For starters, start by grabbing the SDK with npm
npm install --save @rudderstack/rudder-sdk-node
Then, in your lib folder, create a new file called rudderstack.js or similar. To use the library, you’ll need to require and instantiate it at the top of your file:
const Analytics = require("@rudderstack/rudder-sdk-node")
const analytics = new Analytics(env.rudderstackWriteKey, `${env.rudderstackDataPlaneUrl}/v1/batch`)
Almost there!
Now, the analytics variable contains a few methods that correspond to the type of data you want to send.
For this example, we’ll stick to just identify and track, which are the two most common ones.
First the identify call.
I start off by defining the traits I’m going to be reusing across the different calls in a userTraits variable.
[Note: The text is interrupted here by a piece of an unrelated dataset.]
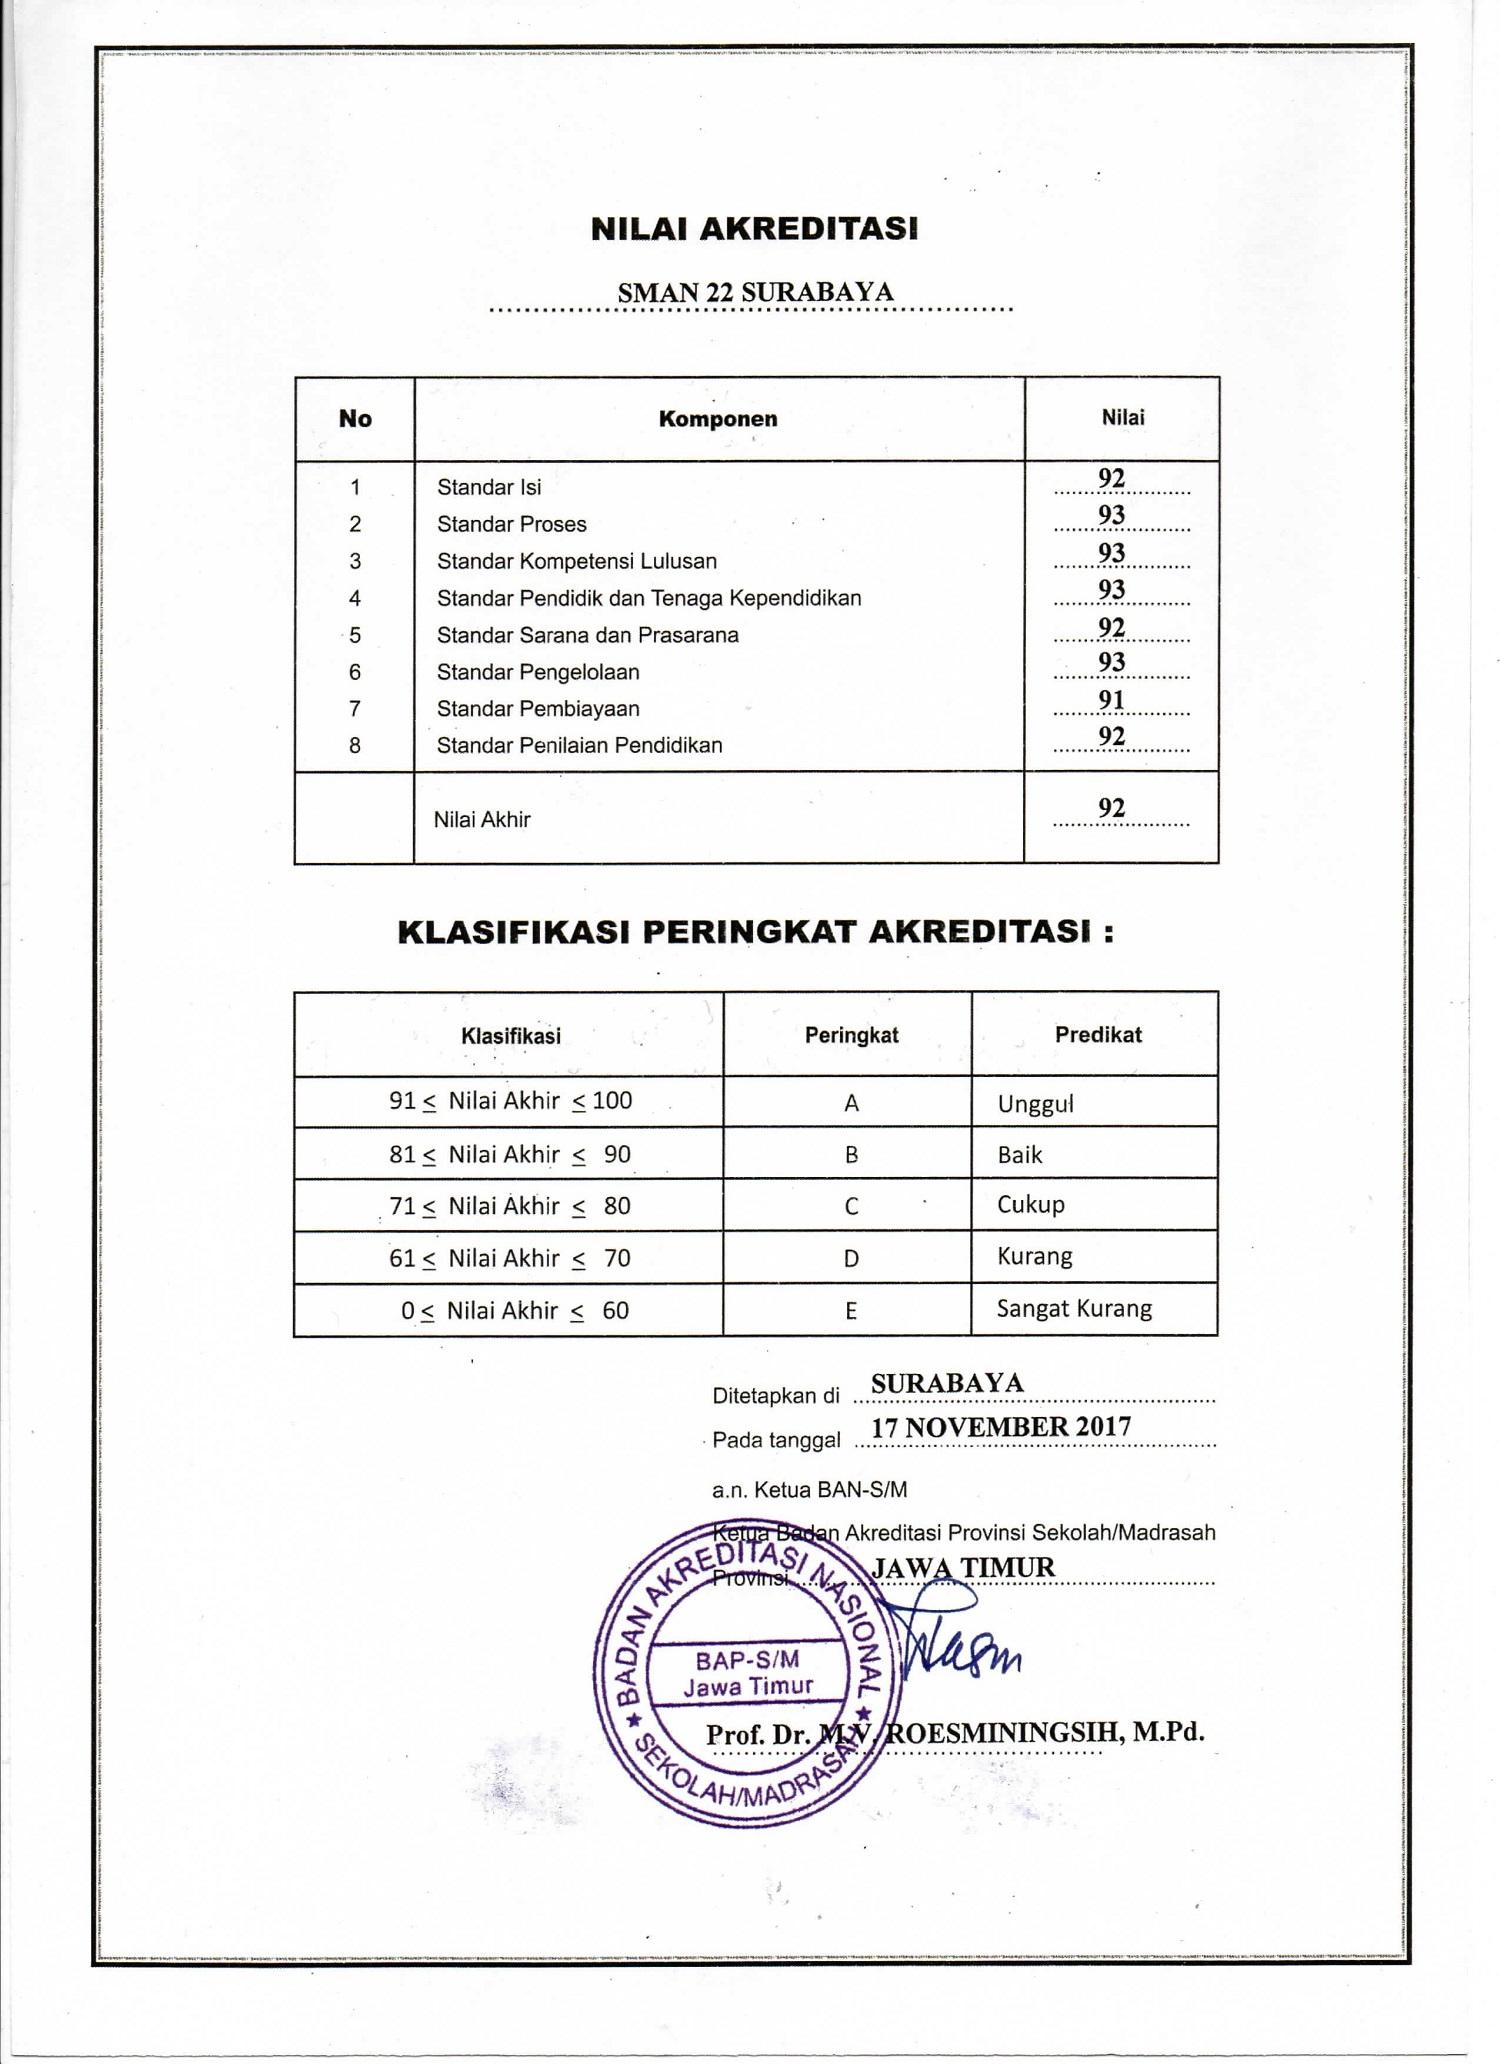 akreditasi sman 22 surabaya

Then, we define a identify() function that takes in a shopify ID or domain in this case. You don’t have to do it this way, but I did that for flexibility since I’m unsure which of the two I’ll have access to down the line.
In the function, I use the ID or domain to find the Shopify merchant in my database and assign it to the shopify variable, which now holds all of the traits that userTraits includes.
Lastly, we store the actual identify call in a try/catch call in case something goes wrong. This is useful at first when trying to figure out what the object you send should look like.
In the case of identify, you need to pass it an object containing at minimum a userId. The traits are optional for the API call, but I think they’re the pretty much a must-have otherwise the user you identify will be missing all of the contextual data you’ll want.
Now, when you export the identify function and import it elsewhere in your stack, you can simply call it by passing in an ID or domain to identify the store.
Tracking events is really similar.
The only difference is that since we’re tracking a specific event, I want to also pass it an eventName describing the event as well as any additional traits that can contextualize the event.
For example, consider the “customer charged” event which I might fire when a subscription payment is captured.
An additional trait in such an event might be the “amount” captured within the scope of the customer charge. These additional properties give meaning to the event, and in the framework of marketing automation, provide critical personalization for your eventual messaging.
Then you just call them as usual:
Technically, this is all it takes to implement. You’ll want to ensure you cover all of your dictionary’s events across your stack so you’re tracking everything you need to.
6. Sanitize + verify data accuracy and integrity
Before sending off the data to different tools and destinations, it’s important to validate it’s accurately being received (as that’s what will be sent to your tools).
You can do this on Rudderstack by accessing Live Events of a given source.
This will give you access to a debug log that shows the events and identify calls received by the source.
I’ll go ahead and save some new mappings on my test Reconcilely account.
What should happen is that as soon as I load the settings page, the customer will be identified. Once the settings are updated, the tracking call will be executed.
First, let’s head to the mappings page to test the identify call:
Yay! And now if I save any of my settings…
There it is!
These two calls are the foundation of implementing a data tracking strategy. Provided you are really deliberate about what you track, you can now start to pipe these events to a variety of different tools without ever having to reimplement the same information.
The main purpose of a CDP platform like Segment or Rudderstack is that you only need to do the implementation once, and you can then pipe the same standardized data across all of the tools your use, from Facebook pixels and audiences to Google Analytics to Mailchimp to Intercom and so on.
From this point on, you can democratize this data across as many tools as you need by creating Destinations on Rudderstack and defining within them the traits you wish to assign to profiles.